Polar Coding Notes: A Simple Proof

Lyons ZhangNovember 8, 2018

For any B-DMC $W$, the channels $\{W_N^{(i)}\}$ polarize in the sense that, for any fixed $\delta \in (0, 1)$, as $N$ goes to infinity through powers of two, the fraction of indices $i \in \{1, \dots, N\}$ for which $I(W_N^{(i)}) \in (1 − \delta, 1]$ goes to $I(W)$ and the fraction for which $I(W_N^{(i)}) \in [0, \delta)$ goes to $1−I(W)^{[1]}$.

Mrs. Gerber’s Lemma

Mrs. Gerber’s Lemma provides a lower bound on the entropy of the modulo-$2$ sum of two binary random vectors$^{[2][3]}$.  

Let $h^{-1} : [0, 1] \to [0, 1/2]$ be the inverse of the binary entropy function $h(p) = -p\log p - (1-p)\log(1-p)$.  

Here we set a binary symmetric channal with crossover probability $p_0$.  

The convolution of $a$ and $b$ is denoted by  

$a \ast b := a(1 − b) + (1 − a)b$

Convex: The function $f(u) = h(h^{-1}(u)\ast p_0), u \in [0,1]$ is convex in $u$ for every fixed $p_0 \in (0,1/2]^{[2]}$.  

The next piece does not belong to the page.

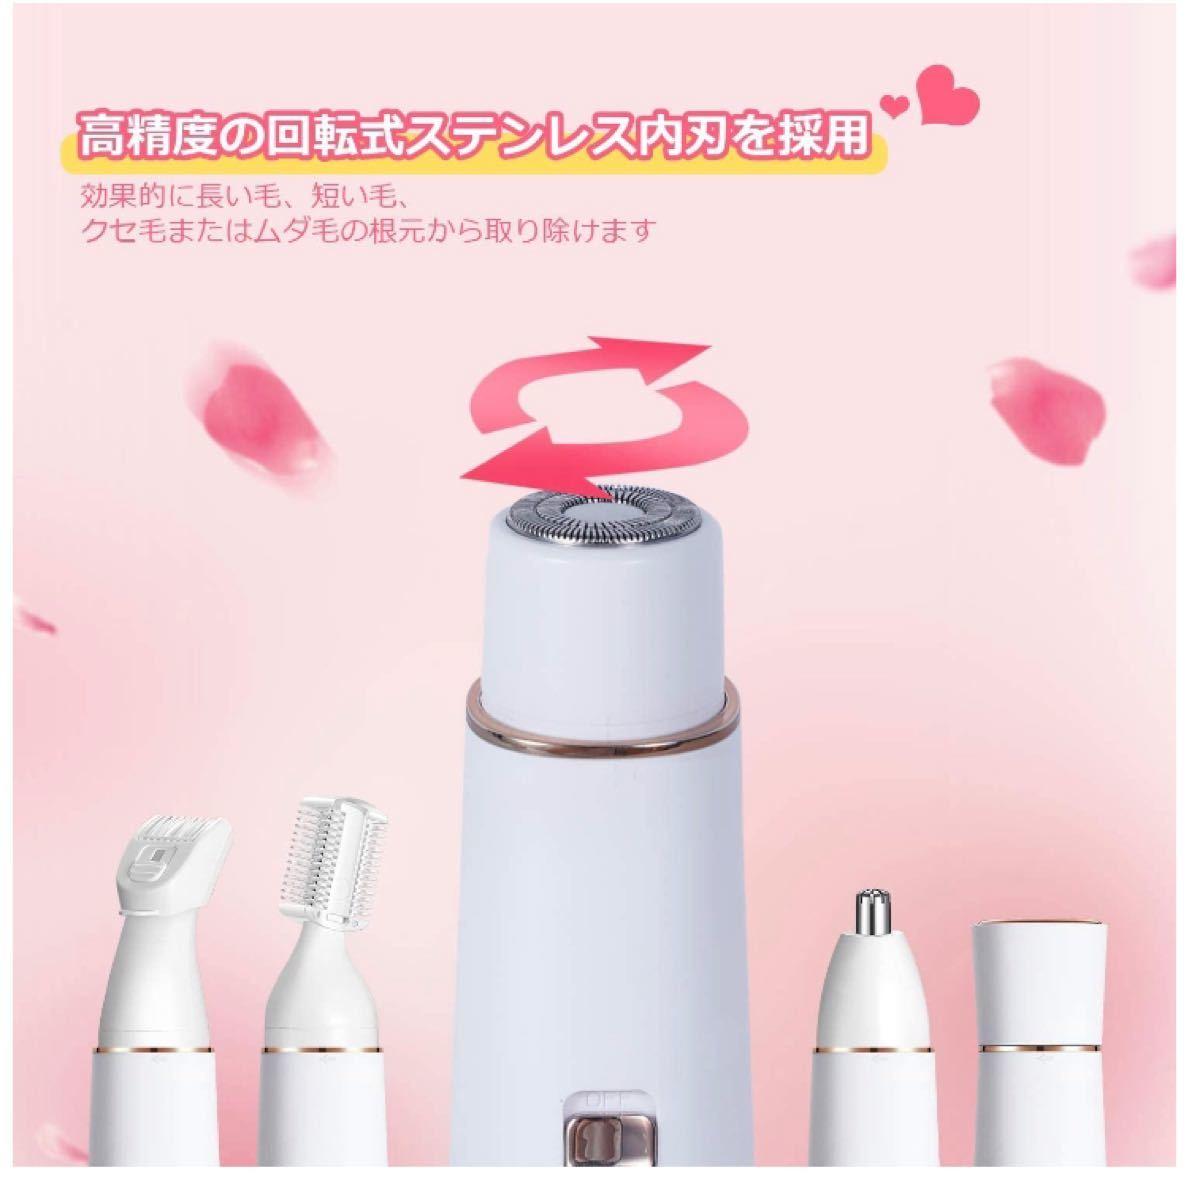 レディースシェーバー 電動シェーバー 多機能 防水 USB充電 日本語説明書付
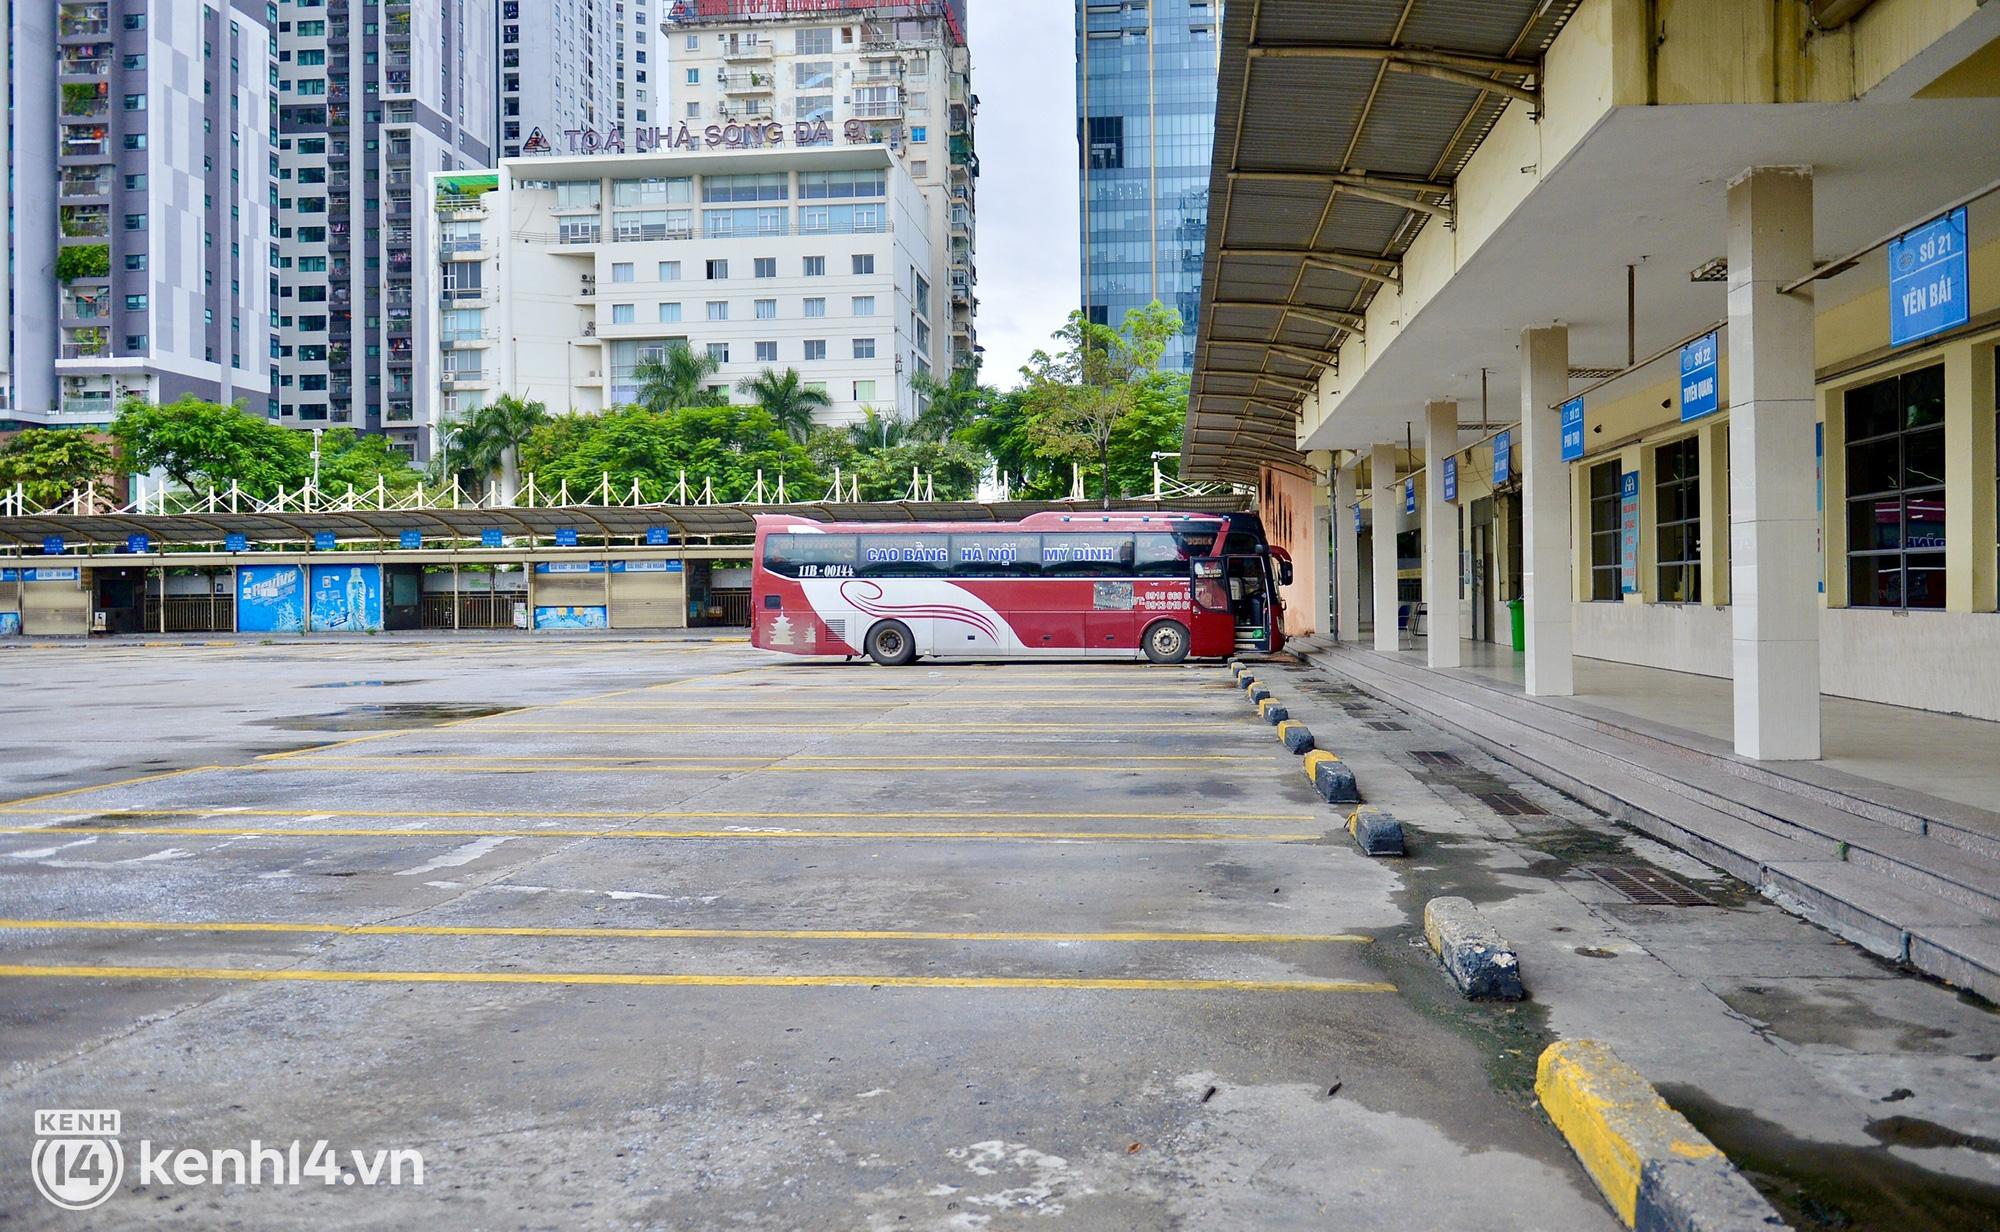 Hà Nội ngày đầu nối lại vận tải liên tỉnh: Cả bến xe chỉ có duy nhất 1 chuyến, nhiều người dân thất vọng phải quay về - Ảnh 2.

Scalar MGL: Let $X$ be a binary random variable and let $U$ be an arbitrary random variable. If $Z \sim Bern(p)$ is independent of $(X, U)$ and $Y = X \oplus Z$, then

$h(Y|U) \ge h(h^{−1}(h(X|U)) \ast p)$

Vector MGL: Let $X^n$ be a binary random vector and $U$ be an arbitrary random variable. If $Z^n$ is a vector of independent and identically distributed $Bern(p)$ random variables independent of $(X^n, U)$ and $Y^n = X^n \oplus Z^n$, then  

${h(Y^n|U) \over n} \ge h(h^{−1}({h(X^n|U) \over n}) \ast p)$

Let $X,Y$ are two binary random variable, from$^{[2]}$  

$H(X|Y) = \sum_{y\in\{0,1\}} p(Y=y)H(X|Y=y) $  


$\beta_0(y) = p(X=1|Y=y) \tag{1}$
$1 - \beta_0(y) = p(X=0|Y=y)$

Then from conditional entropy definition   

$\begin{align} H(X|Y=y) &= \sum_{x\in\{0,1\}} p(x|y)\log p(x|y) \\&= h(\beta_0(y)) \tag{2}\end{align}$

So that  

$h^{-1}(H(X|Y=y)) = p(X=1|Y=y) \tag{3}$

and consider $\beta_0(y)=p(X=1|Y)$ as a RV

$\begin{align} H(X|Y) &= \sum_{y\in\{0,1\}} p(Y=y)H(X|Y=y) \\&= \sum_{y\in\{0,1\}} p(Y=y)h(\beta_0(y)) \\&= Eh(\beta_0) \end{align}$

Let us consider first  

$\begin{align} H(X_1,X_2, ... ,X_n) &= \sum_{i=1}^n H(X_i|X_{i-1}, ... , X_1) \\&= \sum_{i=1}^n Eh(\beta_k) \end{align}$

Here $\beta_k = p(X_k=1 | X_1, ... , X_{k-1}), 1 \le k \le n$. Now we have  

$\begin{align} p(Y_k=1 | X_1, ... , X_{k-1}) &= \sum_{X_k \in \{0,1\}} p(Y_k | X_k) p(X_k | X_1, ... , X_{k-1}) \\&= p_0 \ast \beta_k \end{align}$


$H(Y_k=1 | X_1, ... , X_{k-1}) = Eh(p_0 \ast \beta_k)$

Strict Polarization for Binary-Input Channels

First notice that  

$\begin{align} I(W^-) &= I(U_1; Y_1,Y_2) \\&=  I(X_1+X_2; Y_1,Y_2) \\&= H(X_1+X_2) - H(X_1+X_2|Y_1,Y_2) \end{align}$


$I(W) = I(X_1; Y_1) = 1- H(X_1|Y_1)$

Since $H(X_1|Y_1) \in (0, 1)$, there exists an $\alpha \in (0, 1/2)$ such that $H(X_1|Y_1) = h(\alpha)$.  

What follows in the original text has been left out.